-------- Dataset section

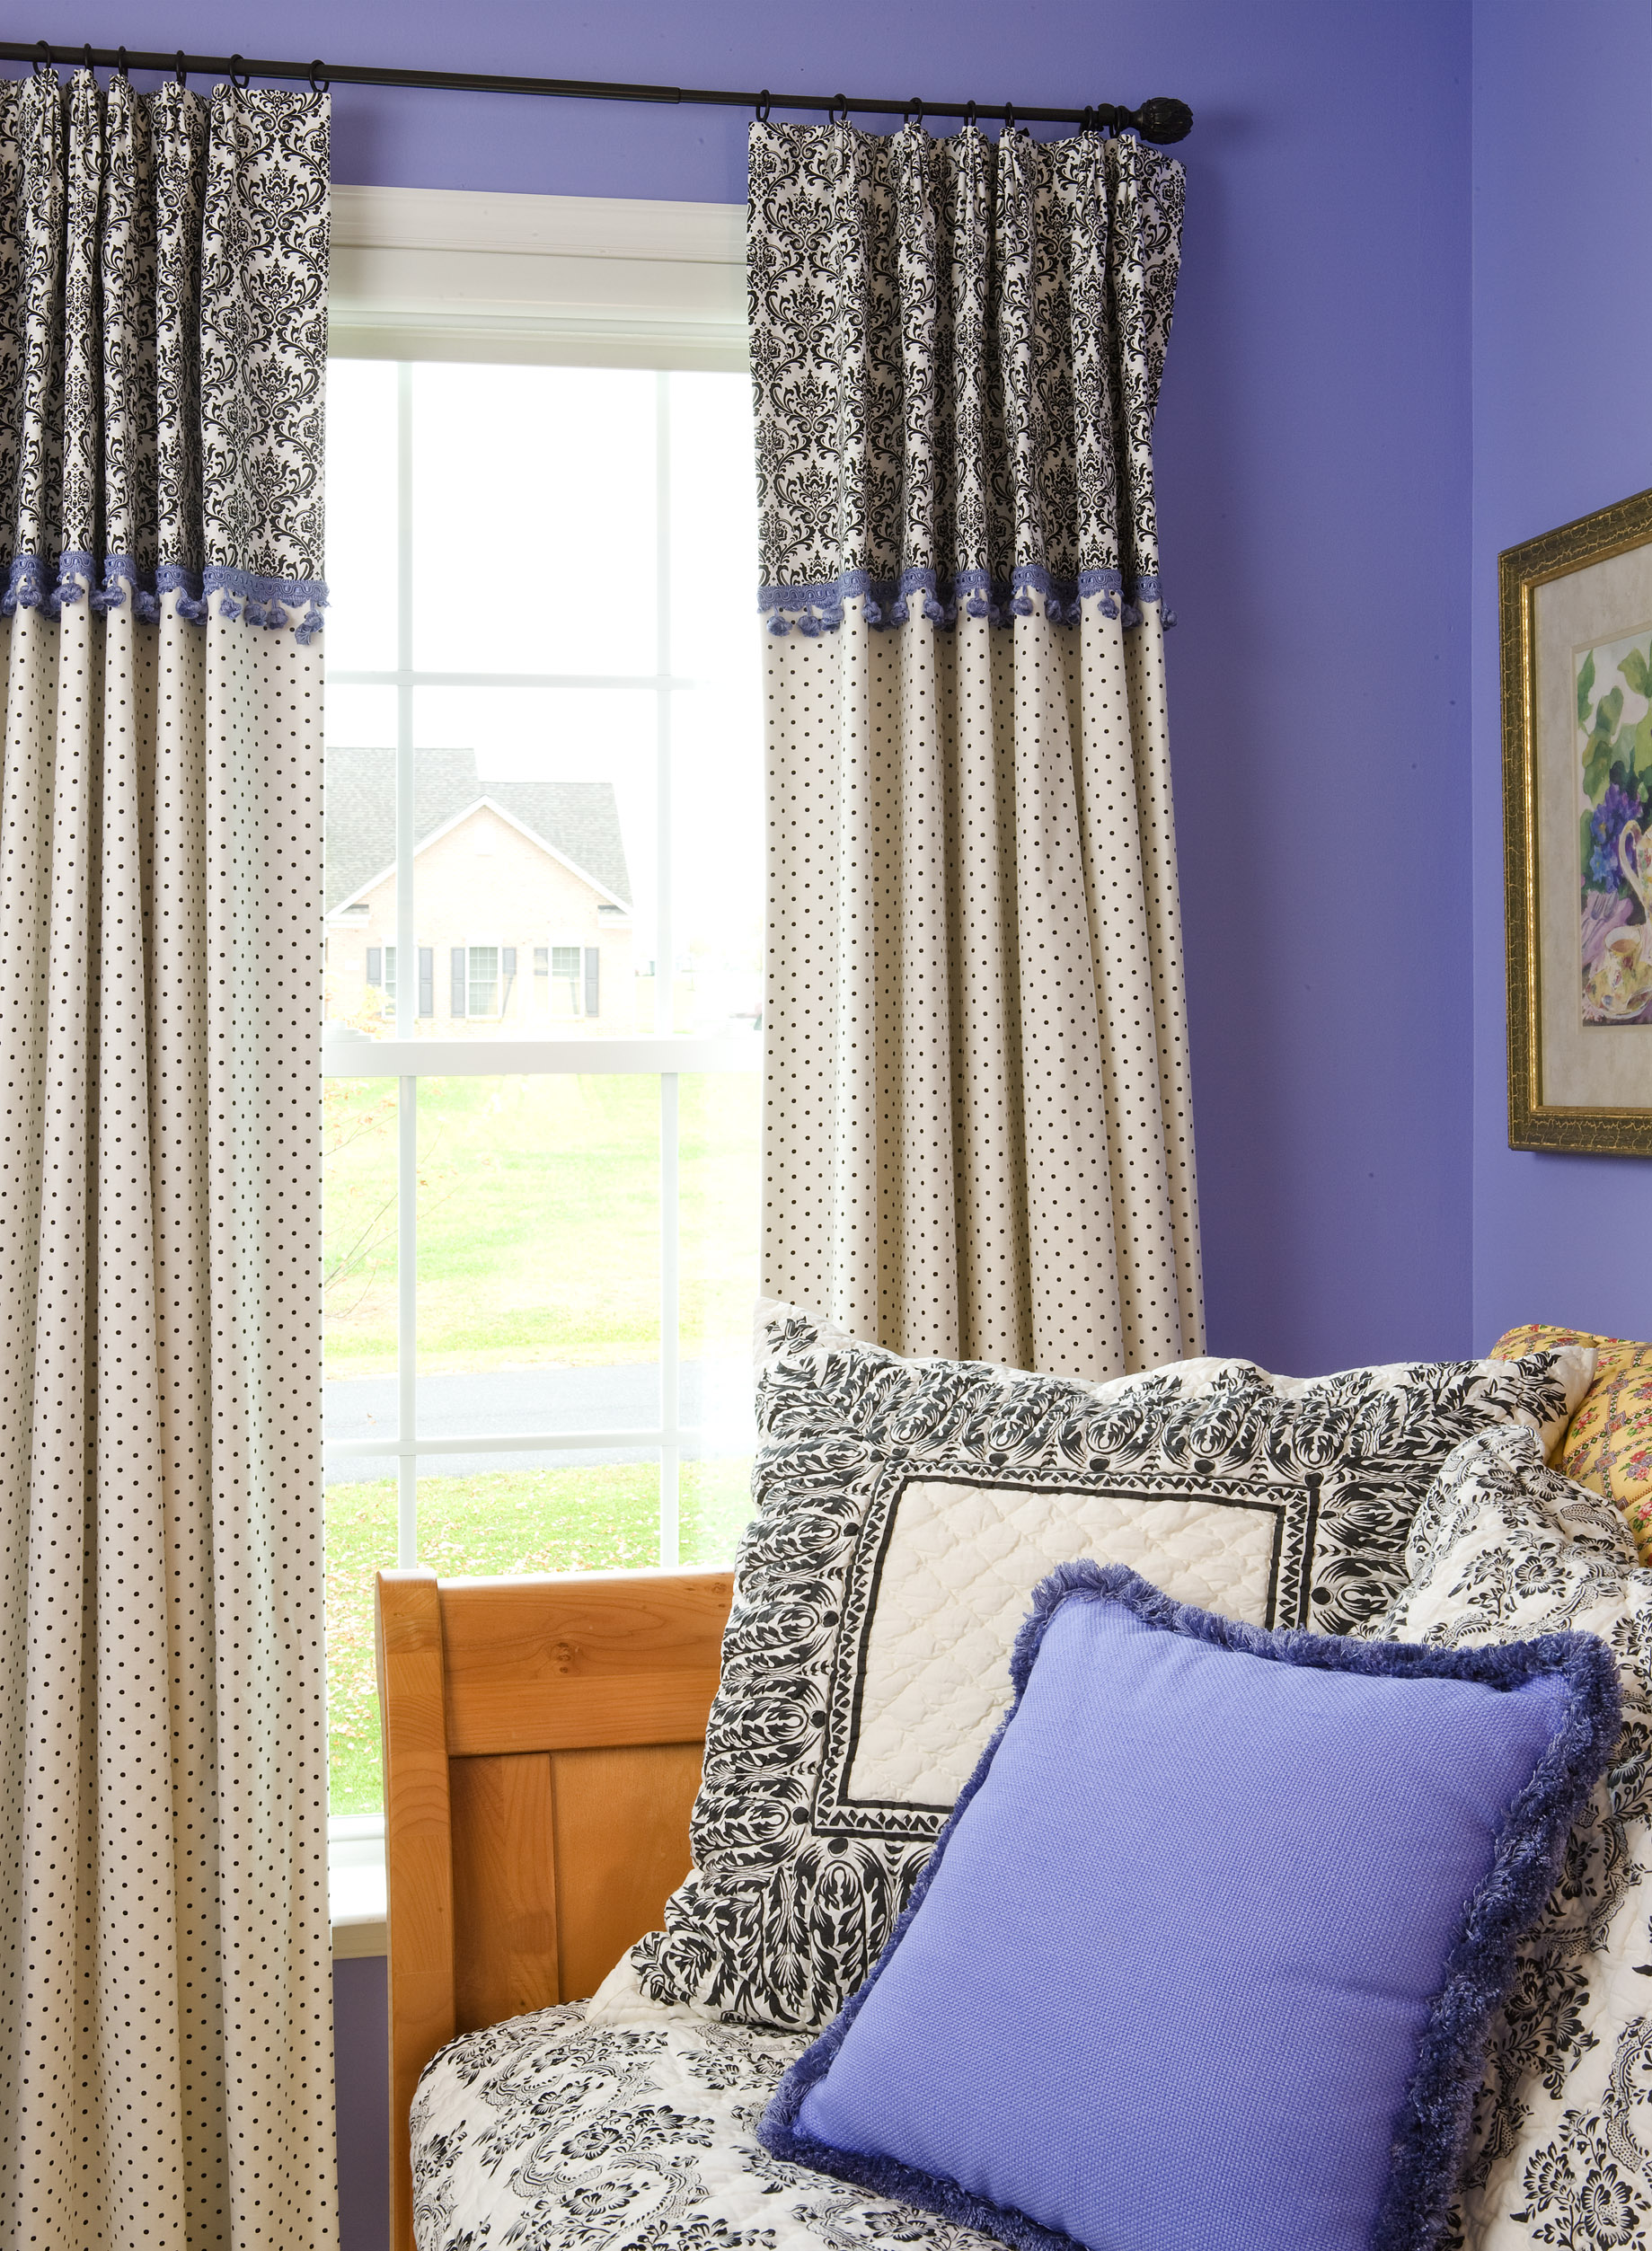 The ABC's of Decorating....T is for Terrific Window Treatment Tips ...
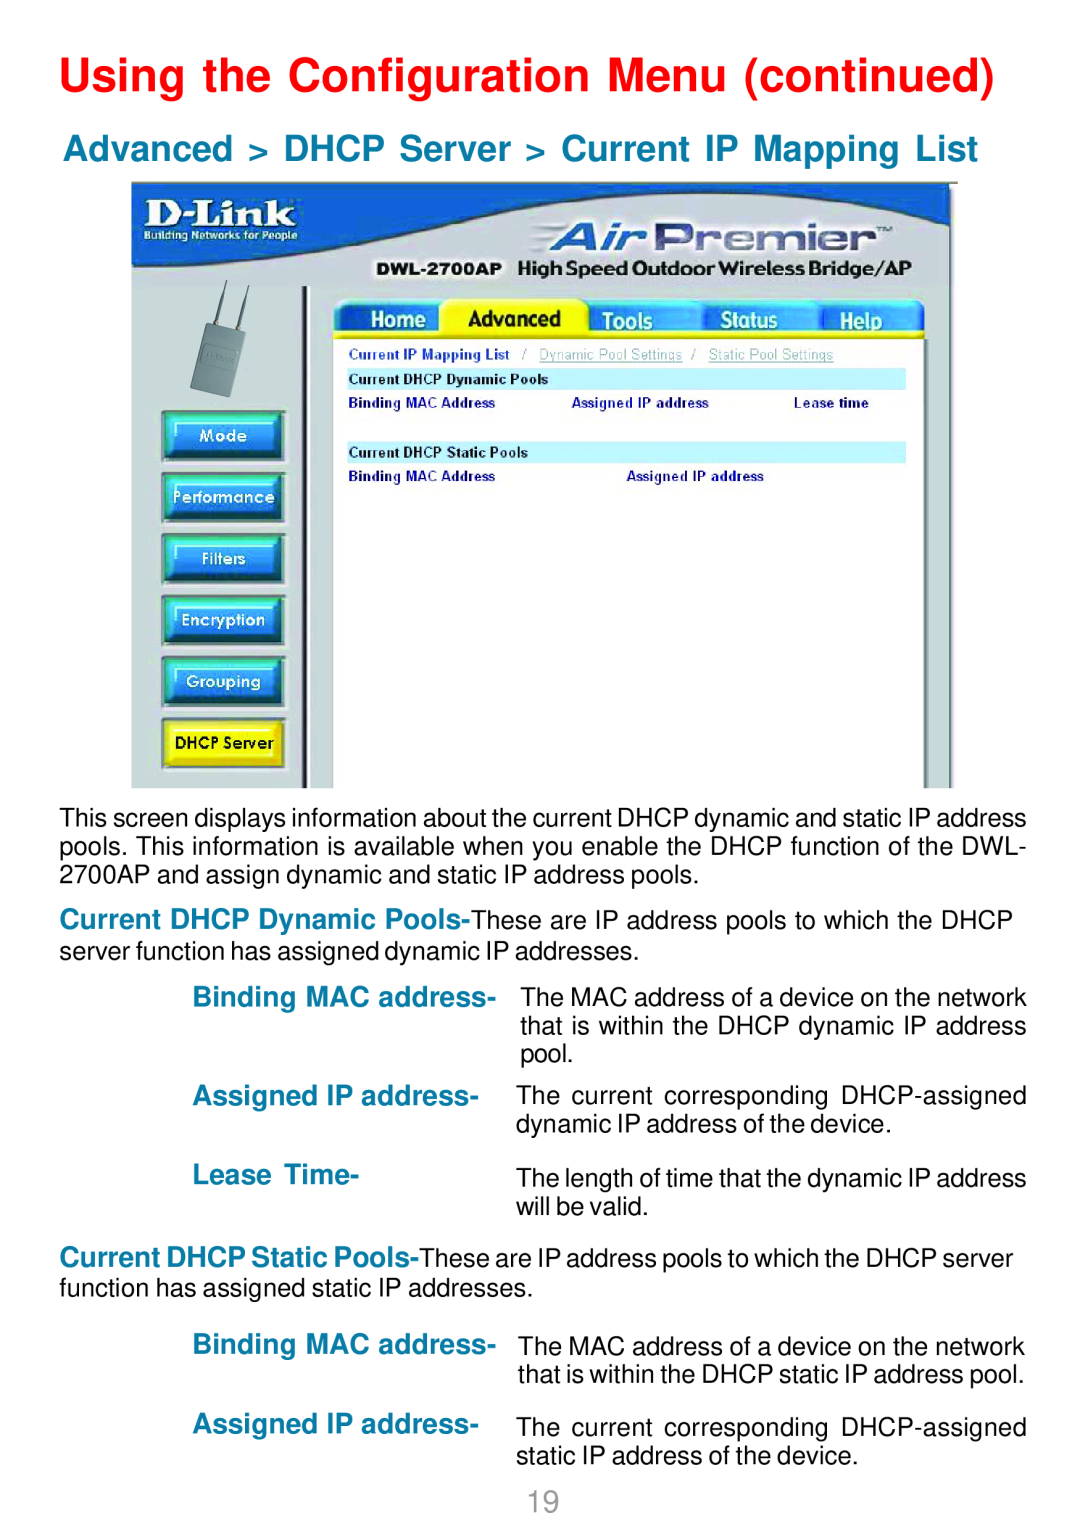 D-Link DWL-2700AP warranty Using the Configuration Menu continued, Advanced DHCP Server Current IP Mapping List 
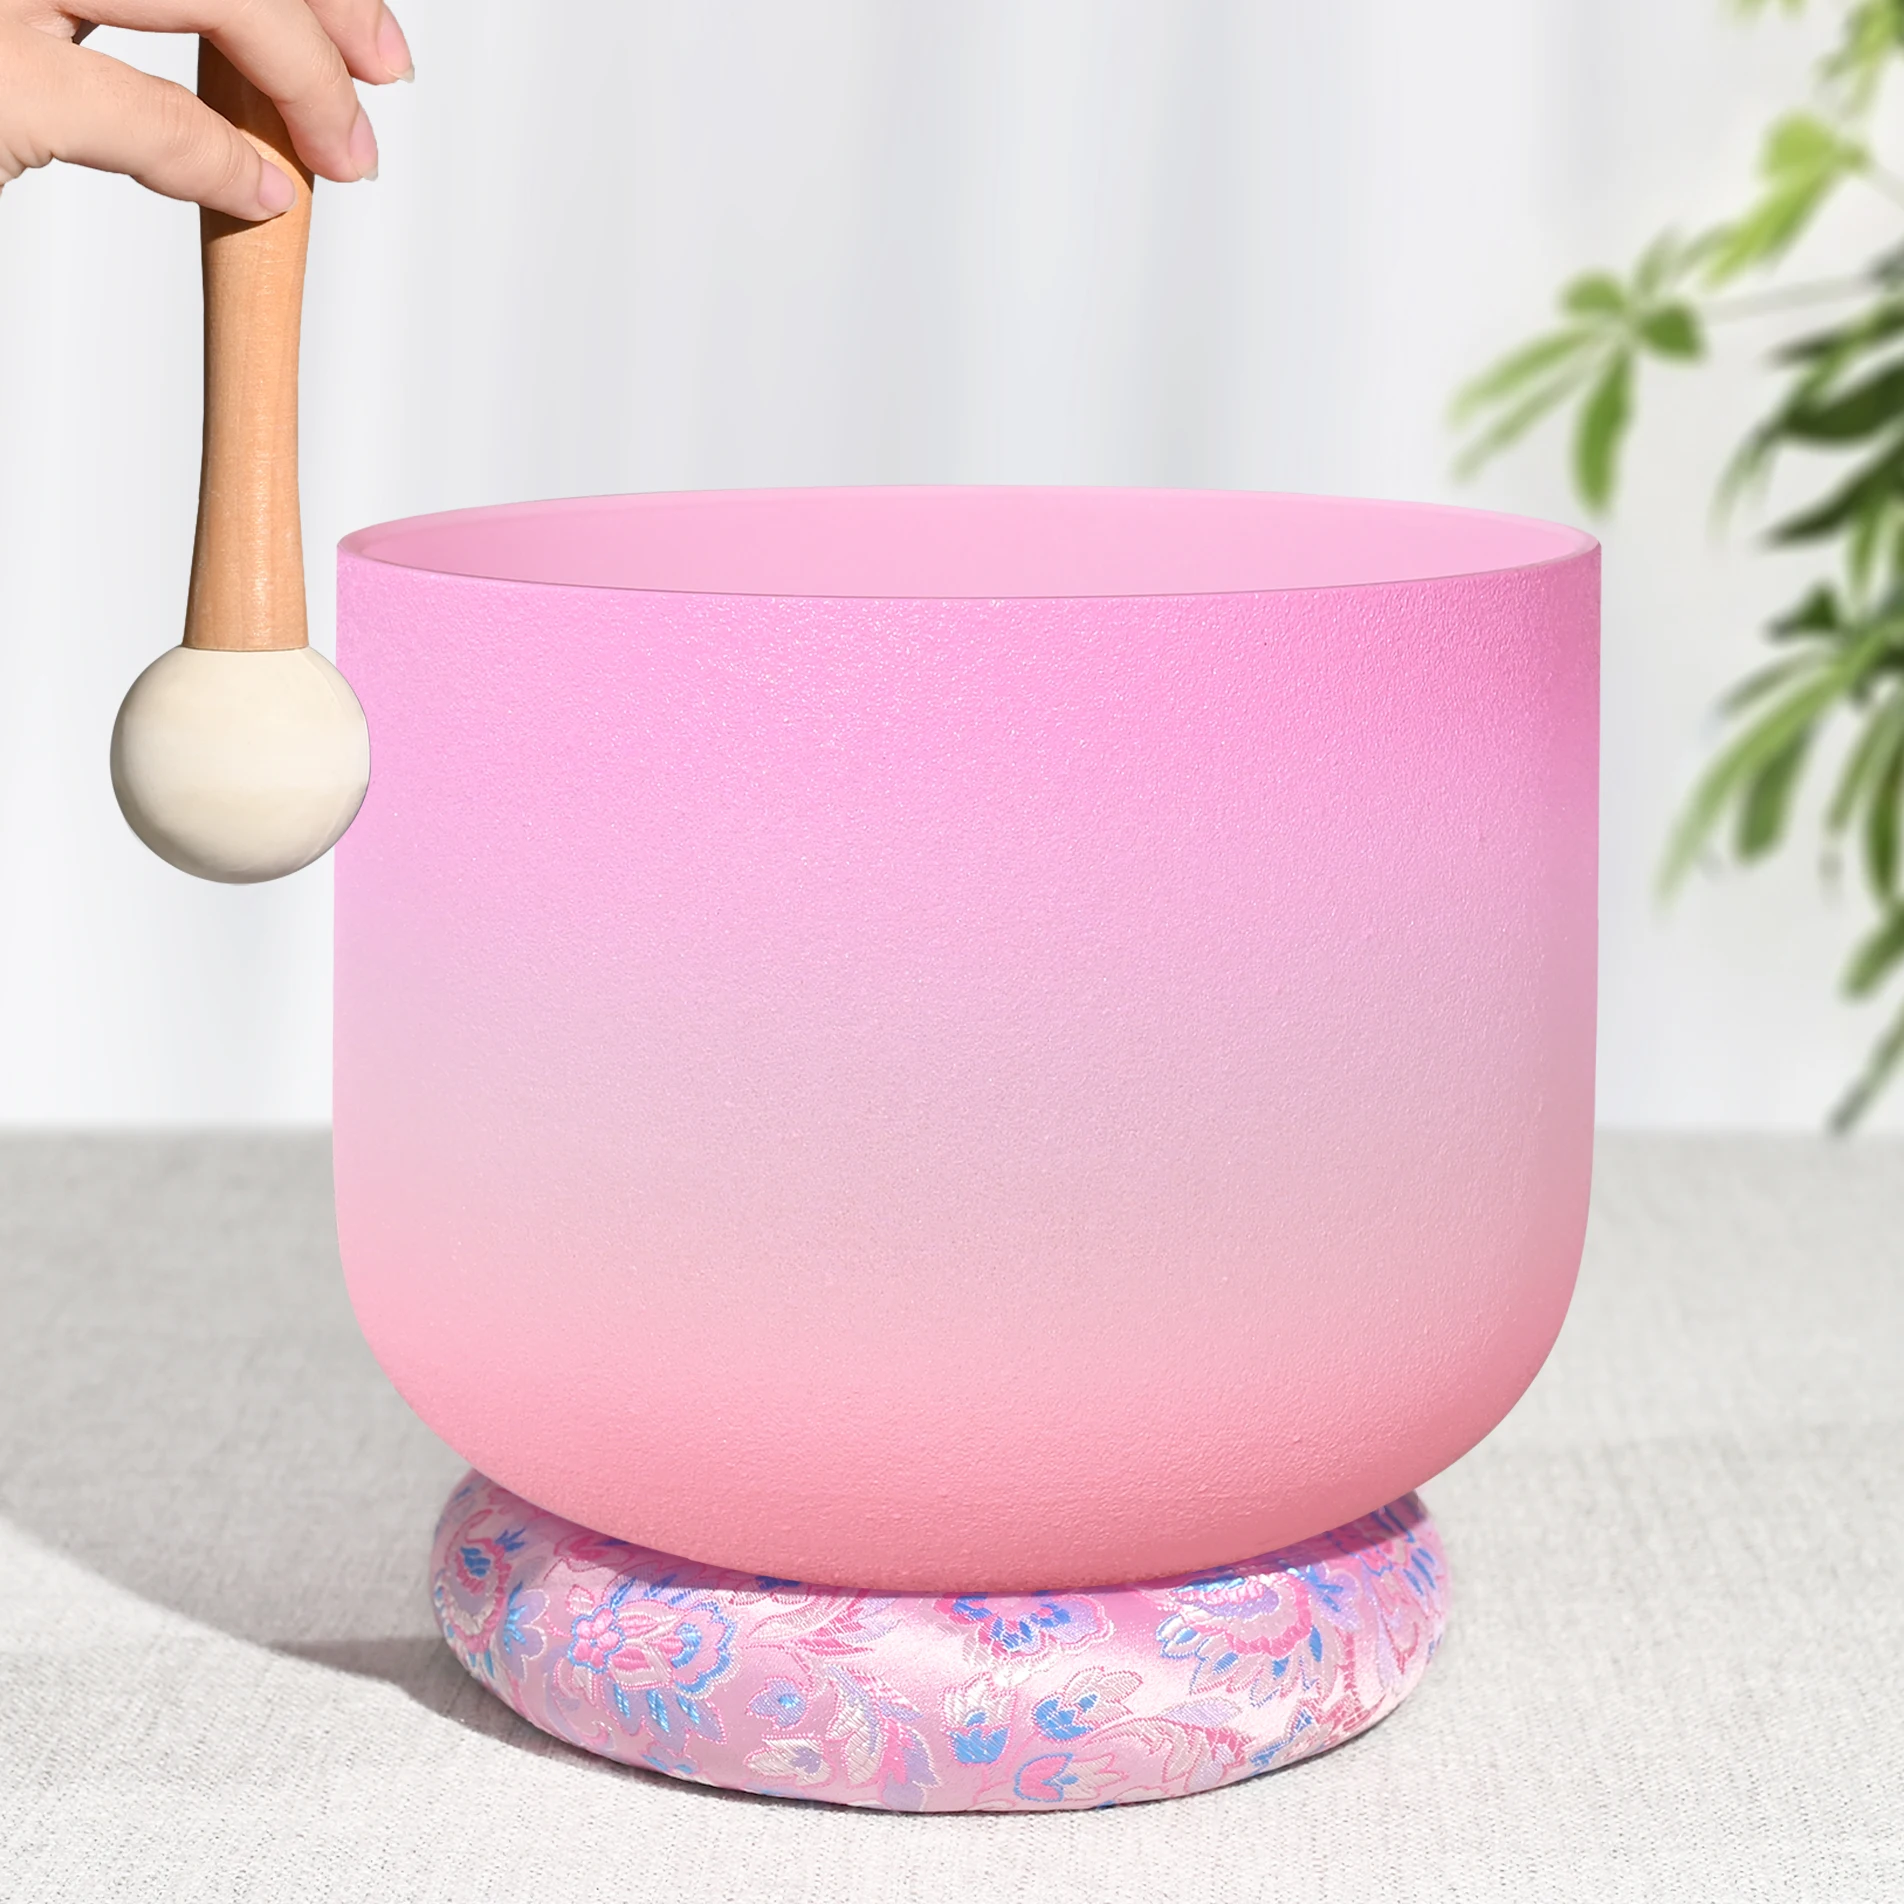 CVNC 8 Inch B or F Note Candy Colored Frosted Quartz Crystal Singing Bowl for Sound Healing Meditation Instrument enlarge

----------------

What needs to be done — Repeat the lines exactly as they stand, from the opening line of the data through the line with "D-Link DWL-2700AP warranty". Pictures stay out of the copy.

The completed task —
 The ABC's of Decorating....T is for Terrific Window Treatment Tips ...
 D-Link DWL-2700AP warranty Using the Configuration Menu continued, Advanced DHCP Server Current IP Mapping List 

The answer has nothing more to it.